La récente loi sur les Réseaux hospitaliers a confié aux Conseils médicaux de réseau un rôle prescriptif : la plupart des matières soumises à avis doivent être négociées avec le gestionnaire dans une concertation sur le mode paritaire. Formidable opportunité d’imprimer les priorités médicales dans la gestion, et nouvelle responsabilité.

 

L’existence d’un Conseil médical est imposée à tous les réseaux, la concertation devra se faire avant toute prise de décision sur les attributions de missions de soins aux hôpitaux des réseaux. Les normes d’agrément, compétence des régions et communautés, devront tenir compte des nouvelles prérogatives du Conseil médical de réseau.

 

Au sein d’un réseau, les médecins hospitaliers doivent rapidement, via leurs Conseils médicaux respectifs, définir le cadre de leur future collaboration : attribution des activités aux différents hôpitaux, mobilité des patients et des médecins entre les hôpitaux concernés, flux financiers.
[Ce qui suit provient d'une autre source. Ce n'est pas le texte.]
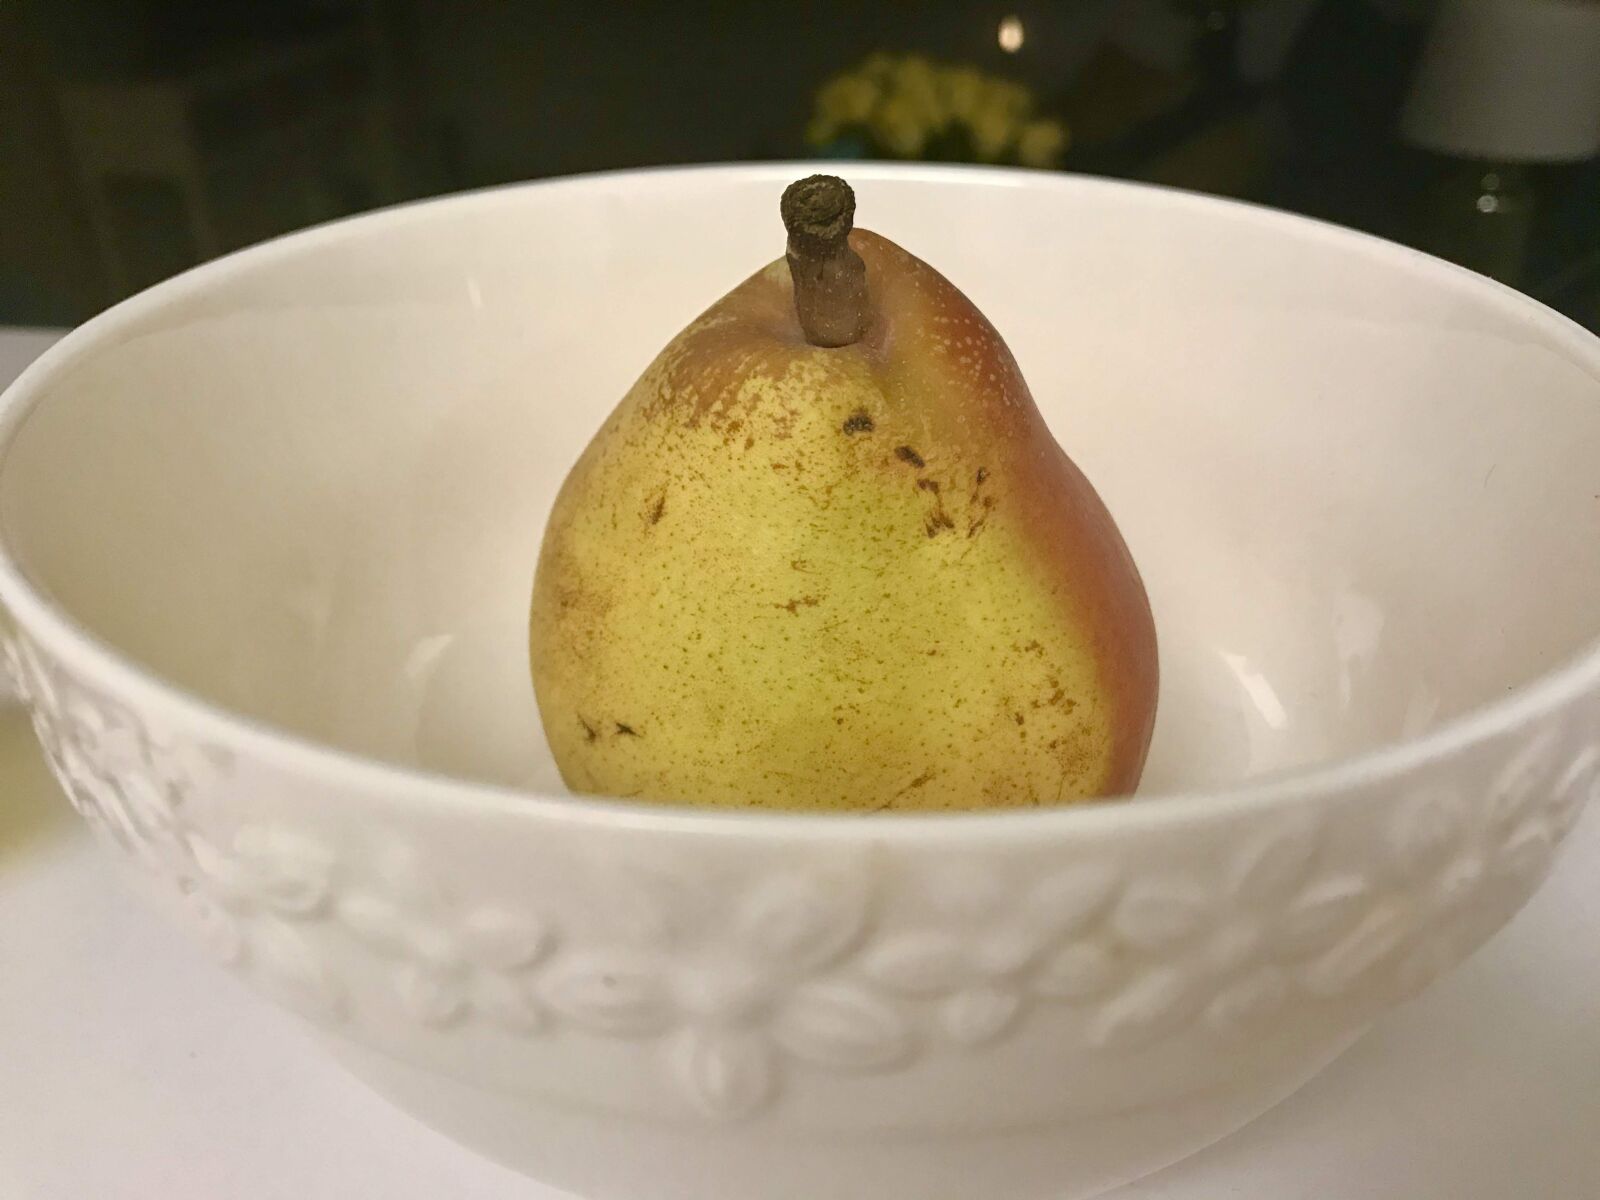 Apple iPhone 7 sample photo. Pear, bowl, white photography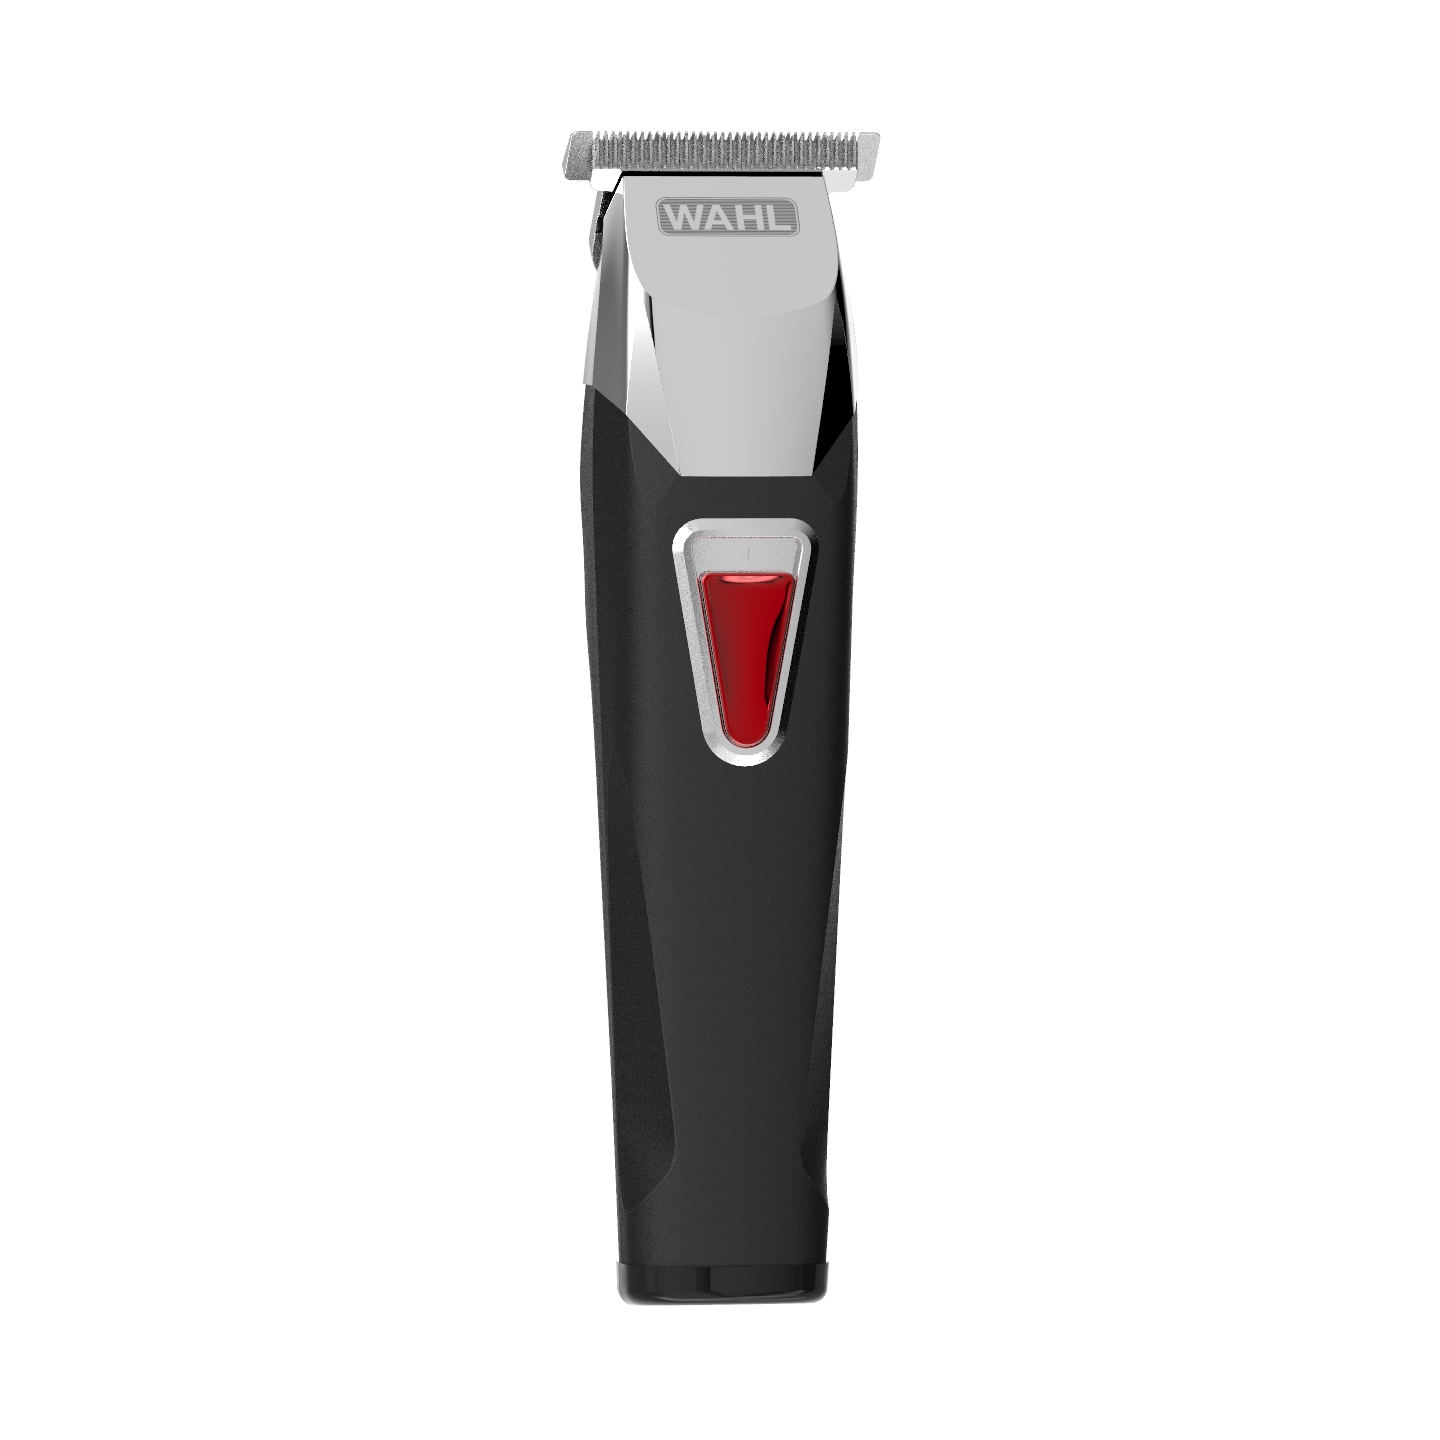 wahl t pro cordless review

Il ne saurait être question de privilégier certaines institutions qui concentreraient toute l’activité lourde, condamnant les autres à une activité de base : ce serait y perdre les qualités et qualifications des équipes, en particulier dans des unités de soins plus intensifs. Au contraire, il faudra partager, dans l’intérêt aussi des patients et des familles, les activités d’expertise entre les différents hôpitaux du réseau : oncologie, mère-enfants, urgences, etc. Un bon maillage territorial est indispensable. Le réseau doit être capable de proposer une large offre de services. Le réseau deviendra un seul hôpital multisite, chacun des sites offrant les soins de base et une ou plusieurs missions lourdes (même des focus factories). Les protocoles d’accord entre hôpitaux du réseau devront décrire la façon d’assurer la continuité des soins au niveau de l’hôpital après un séjour dans un des autres hôpitaux du réseau, organiser l’activité ambulatoire (mobilité des médecins pour suivis lourds), définir les modalités de rétribution des médecins du réseau et celles de l’accès des médecins hospitaliers à d’autres hôpitaux du réseau pour y traiter leurs patients, etc. Il faudra aussi rédiger des protocoles collaboratifs avec les généralistes traitants et leurs collaborateurs de première ligne, donc des itinéraires diagnostiques et thérapeutiques transmuraux.

 

Les missions de soins suprarégionales doivent être réduites à la prise en charge d’hospitalisations pour des pathologies rares ou très exigeantes en ressources humaines et financières : greffes d’organes, chirurgie pédiatrique lourde (affections congénitales), oncologie pédiatrique, certains cancers de l’adulte, grands brûlés.

 

Pour réussir ce défi, les Conseils médicaux doivent professionnaliser leur mode de fonctionnement : leurs membres ont tout intérêt à suivre des formations diversifiées sur tous les aspects de la gestion, non pas pour devenir des gestionnaires, mais pour acquérir les outils de compréhension de l’entreprise hospitalière. En particulier, cette formation devrait être proche de celle attendue d’administrateurs membres d’un Conseil d’administration : pilotage des réunions, aplanissement des conflits, éléments de législation et de financement, accompagnement du changement.

 

Corollaire évident : les membres actifs du Conseil médical devront être rétribués pour cette activité qui les tiendra partiellement à l’écart de l’exercice de leur profession.